“Gal Gadot on Becoming Wonder Woman, the Year’s Most Important Action Figure”

Wonder WOMAN She is about to give my unborn kid a blessing. She asks, “Can I?” before wrapping her lengthy fingers across my growing belly. Her hands have a cozy, motherly feeling. She fixes her attention firmly on me. She inquires, “Girl or boy?” I yell, “Girl,” at her. Her grin broadens. “Being a woman is a strength,” she asserts. “In so many different ways.”

Oddly, this is not a dream; it’s a lunch at the Chateau Marmont.

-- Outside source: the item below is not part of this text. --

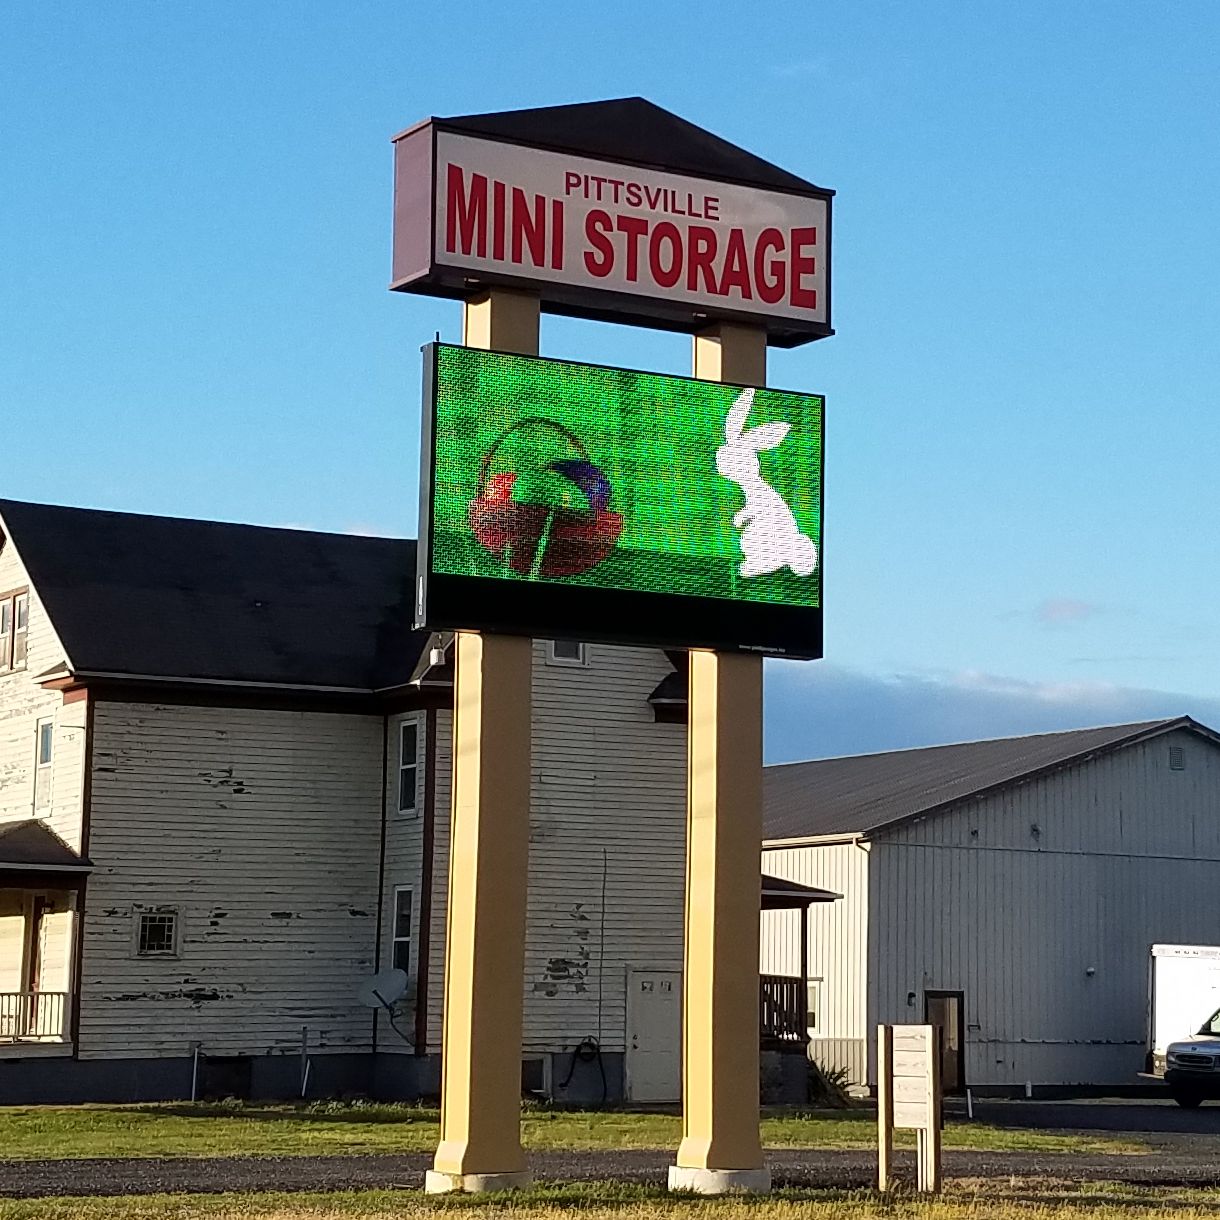 Storage Service in Pittsville, Maryland

Gal Gadot is ostensibly here to talk about her rise from almost total unknown to an iconic, worldwide symbol of all that is good and powerful as the first-ever feature-film incarnation of Wonder Woman.


 
 But it’s hard not to see elements of the superhero in the way she just is. Never mind that she was up at 5 a.m. with a four-month-old (“Dude, it’s exhausting, but it’s the best”); in person, her aura hovers somewhere between Earth mother and glamazon. Her accent is Bond-worthy and cloaked in the smokiness of her voice.


 Her Wonder Woman performance so convincingly embodies both the badassness and the overwhelming decency of the character that she may as well be a walking, talking rebuff to the misogyny of the Trump era – so much so that it was reportedly not uncommon to see women weeping openly in theaters as they watched her onscreen. 


 
Most of the world may not yet know how to pronounce her name (it’s “gadott,” not “gadoh”), but Gadot can hardly bother herself with such frivolous concerns. “I like it when it’s calm and a harmonic atmosphere,” she tells me. And later: “You should find your neutral place with yourself.” In her presence, these things seem possible, even probable.